DK: What we create is library of workflow; user does not care about underlying system.

BL: How can we motivate scientist to share workflow? Because it means giving away their intellectual properties before they managed to write their paper/get Nobel Price. Promise of workflow, show exactly how you perform experiments, sharing perhaps yes, after they get their results published. Maybe need some mechanisms to recognize who discover the workflow/idea first

ED: Sharing of data, can be done in small circle, large collaborators. Workflow is a good way to share results.

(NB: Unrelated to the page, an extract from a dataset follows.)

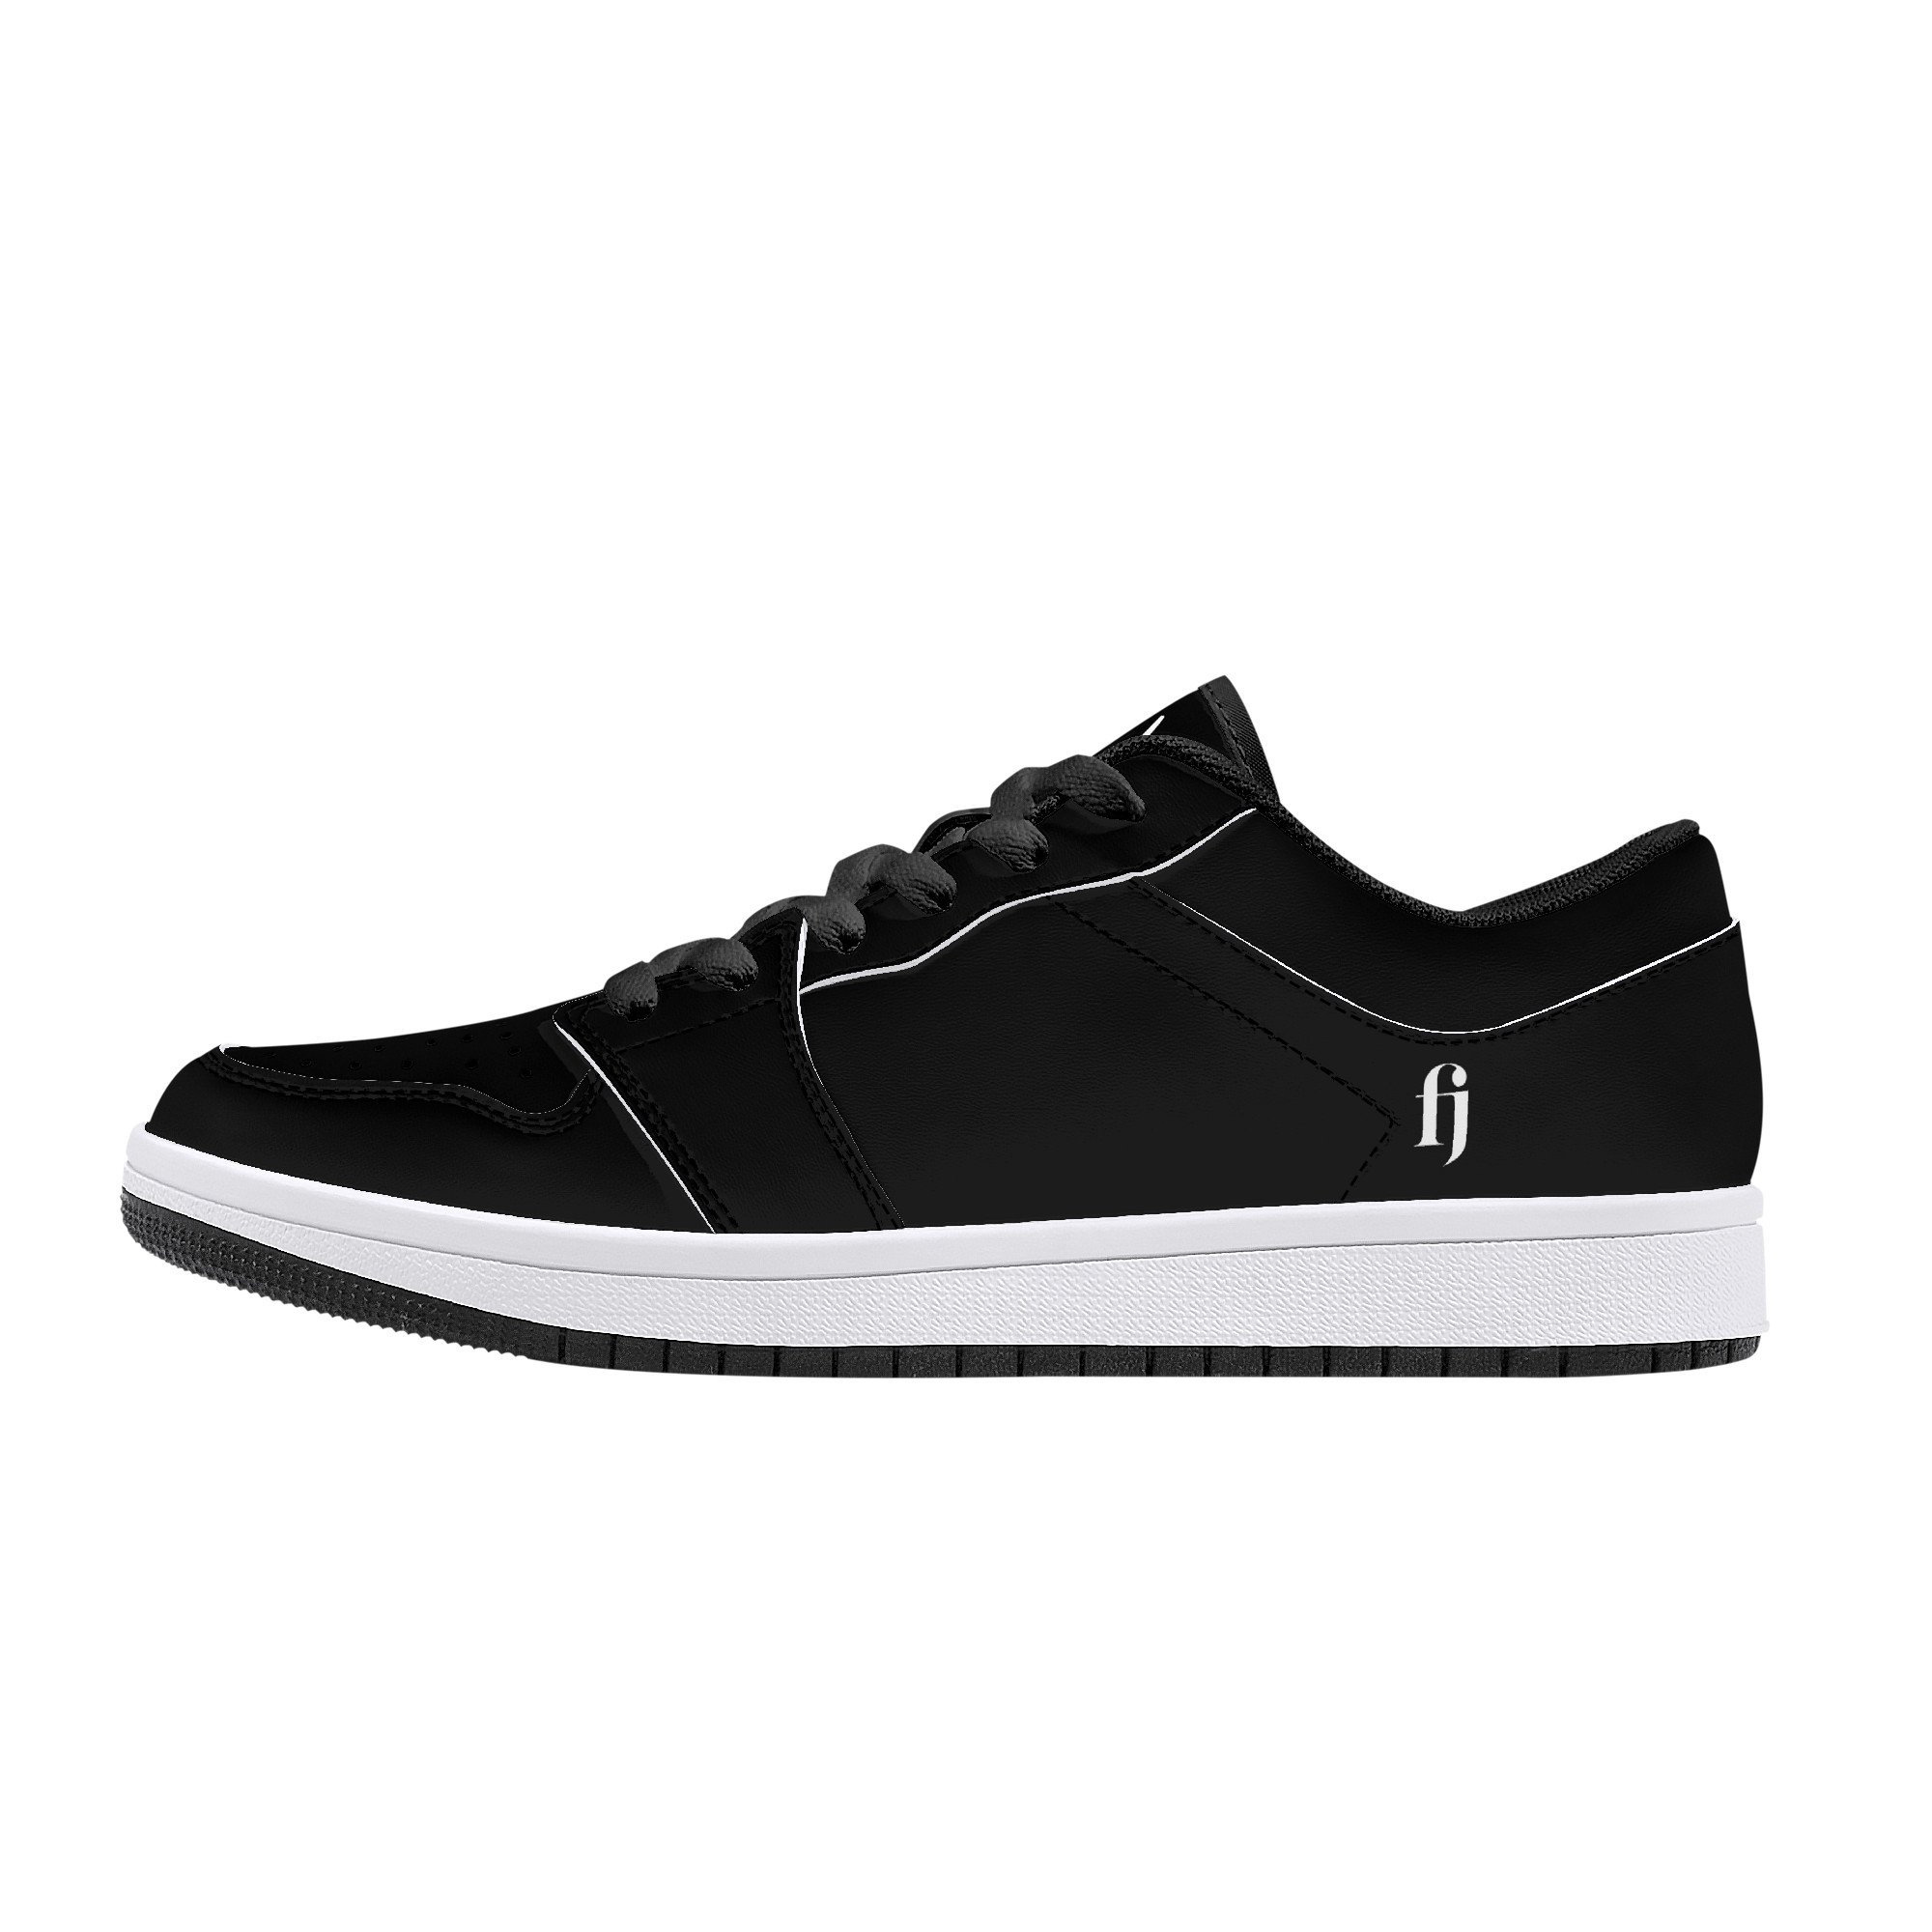 Fred Jo All Black Low-Top Leather Sneakers - Fred jo Clothing

PA: In bioinformatics domain when you publish sequence in a journal, sequence should be available in public, it has been tradition since 1980’s. You have also to explain what you did and how you obtained. If we have mechanism to publish workflow such this will be good.

Jeroen: if we view workflow as sequence of web services calls, how do you share to logic of web services? If you share workflow you should also think about sharing the logic and all information behind it.

BL: Notion of nesting might help to solve these problems. Overall the underlying model that we don’t have now, needs to support that. We need to be able to look inside what kind of services. Distinguish between black box and white box components.

ED: World is not that simple, you don't have control on all components that you are you using. You just have to keep as much information as you can. When it is still non service application components it is easier with services it is more complicated.

CG: Example Biomart, there are no information about the input and output. The logic of services is not exposed by the EBI people. How do you persuade service providers, to expose enough business logic, but not too much, only up to the point where you want other people to know about it.

PA: The issue of workflow is independent from the scientific domain that we are studying, it is more important for experimental/empirical science. Mathematician might not be interested in the workflow?

PR: Give counter example on the color proof of workflow?

DK: What is the right granularity when you use BPEL? Deciding what piece you want to publish what you wanted to hide?

PA: How it is done in business?

DK: Also in Business there are many different domain using workflow. Information of the business logic of workflow is exposed, but company secret logic is not exposed

BL: Some workflow will be computationally intensive, data intensive; nevertheless there are similar components throughout different domain. Analogy that databases are used in many different domains.

SO: I am a user, if I hear a workflow; I don't know what workflow is. I have application; I developed with programming language, Could we anyway see the problem that we will not discuss workflow as workflow, but a big virtual computer where you should program with some specific programming language.

BL: We can learn from programming language, there is no reason not to have taverna script, kepler scripts etc. What is underlying computational model within workflow? Does not always means DAG? If you need loop streaming what would you do? You don't have to go back to full programming other wise you will go back to python.

IT: Workflow has been around for long. Not many people are trained to think in workflow concept. It would take time for people to be able to think in terms of workflow.

What are the Main Issues in the field of workflow for e-science in the next following years?

ED: What we do today when we look at workflow as monolithic systems, we could also see it as high level description specific for applications that can be compiled down to execution, and so forth. In terms of standardization we could do it in intermediate area, (in the middle area). In the high level scientist can have more flexibility.

DK: Agree that there must be layer on top of BPEL to be used for Scientist. Not all scientists must learn BPEL.

BL: Workflow design, workflow design, workflow design. We want to enable scientist to get their ideas in executable environment that other people can use and accelerate science.

PR: These workflows have strong workflow flavor. Grid -> e-Science->workflow. It all comes down to working together and sharing ideas.